In an interview, Payne defended the change, noting that 85 percent of out-of-state placements were made by judges in two counties. Those counties are Lake and St. Joseph, and while both are border counties, Payne said the placements were not just across state lines but to far-flung states.

He noted that children are best served when their treatment is close to home, where family can visit and be involved in counseling, if necessary.

Payne also cited the availability of spaces in Indiana-based treatment facilities, pointing out that it is in the state’s best economic interests.

“Why do we send Indiana tax dollars to another state when we have our facilities – IARCCA, Indiana Association of Residential Child Care Providers, here – since they have a 70 percent occupancy rate?” Payne asked. “We have empty beds here. They also advertise a success rate that is in the low 80s to high 80s, so it’s not that we have failing placement facilities that we can’t use.”

Nemeth, however, argues that one of his out-of-state placement orders, at a cost of $170 a day, was opposed by DCS in favor of an in-state placement at $325 a day.

Payne, in fact, admitted that in his 20 years as a juvenile court judge in Marion County, there were occasions when an out-of-state placement was the only option.

Given his years of experience on the court, it’s likely the current DCS director would authorize an out-of-state placement in such a case, but a subsequent director without that background might be driven more by budget concerns. Taking the discretion away from a local judge and placing authority with the DCS director is an issue that should have been allowed time for study and public debate.

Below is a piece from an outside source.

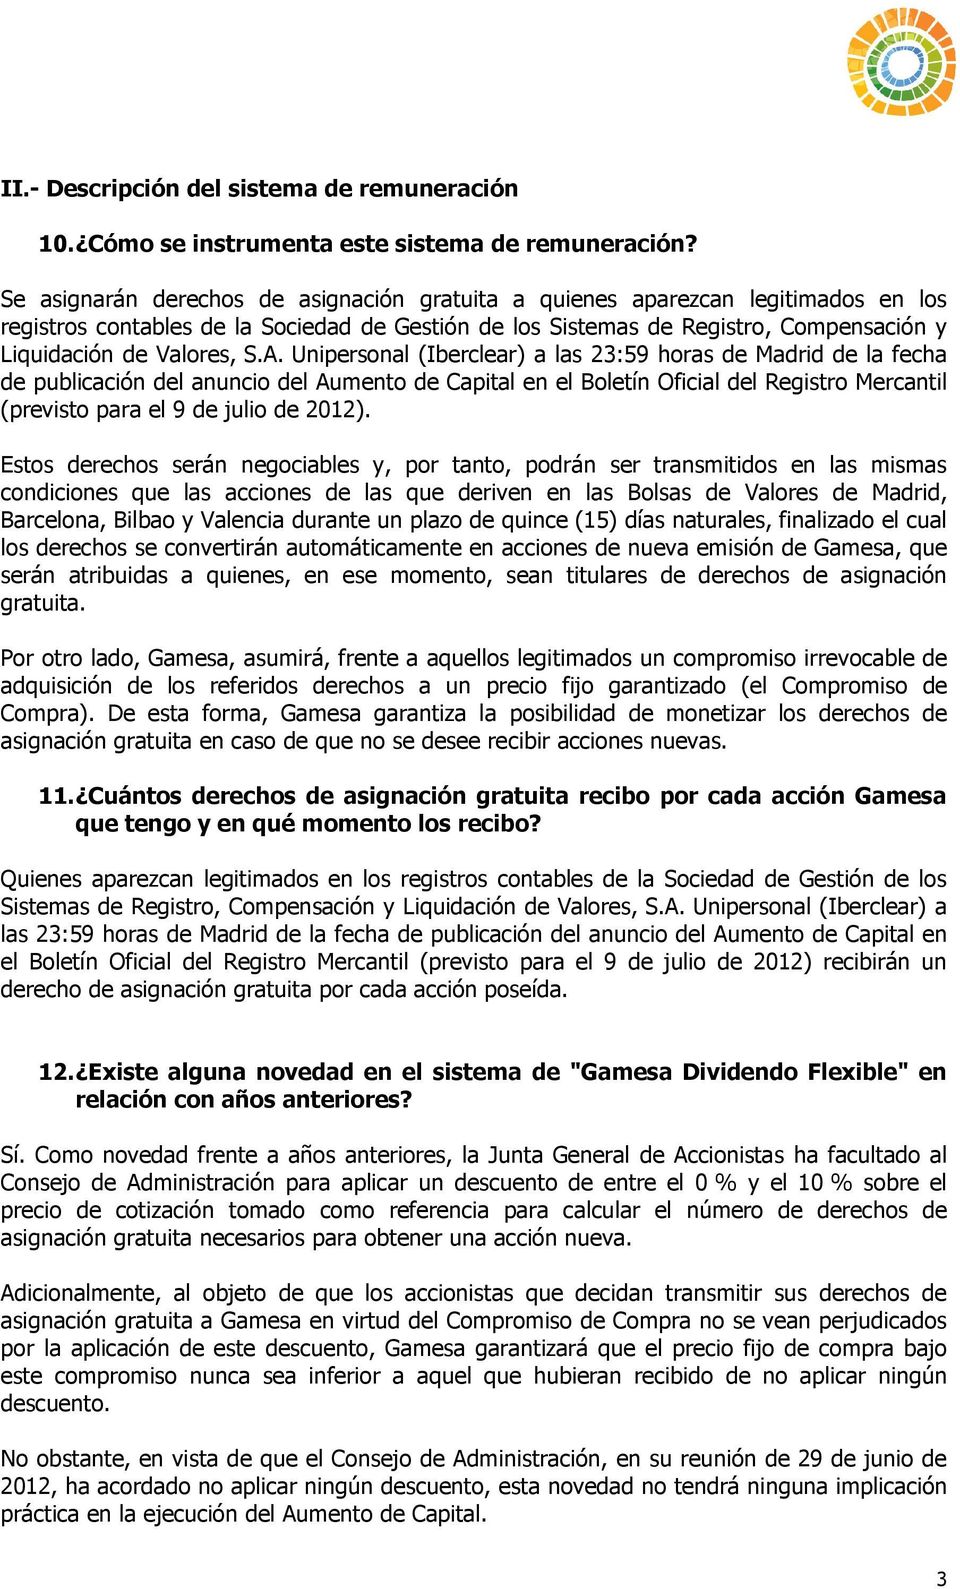 A. Unipersonal (Iberclear) a las 23:59 horas de Madrid de la fecha de publicación del anuncio del Aumento de Capital en el Boletín Oficial del Registro Mercantil (previsto para el 9 de julio de 2012).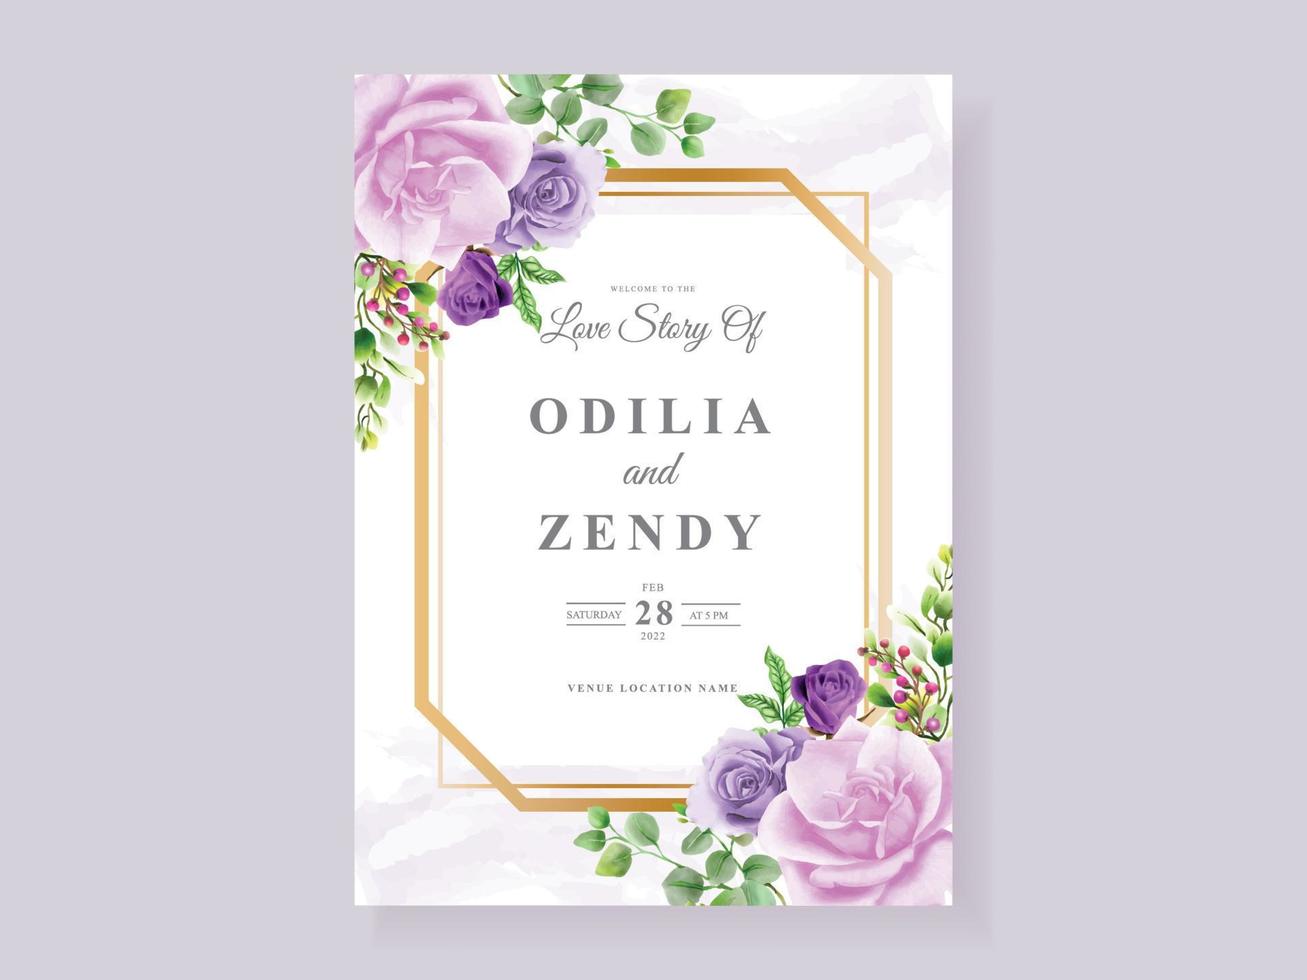 beau modèle de carte d'invitation de mariage floral violet vecteur

It’s inevitable that shifting the total cost of child welfare programs to the state would result in more centralized authority, as it likely will with school general fund expenses. But issues involving children demand close attention. That’s more likely to come from a local juvenile court judge than from the head of a state agency.

The General Assembly allowed judicial discretion to be further eroded with the budget provision. It should reconsider the issue in its upcoming session.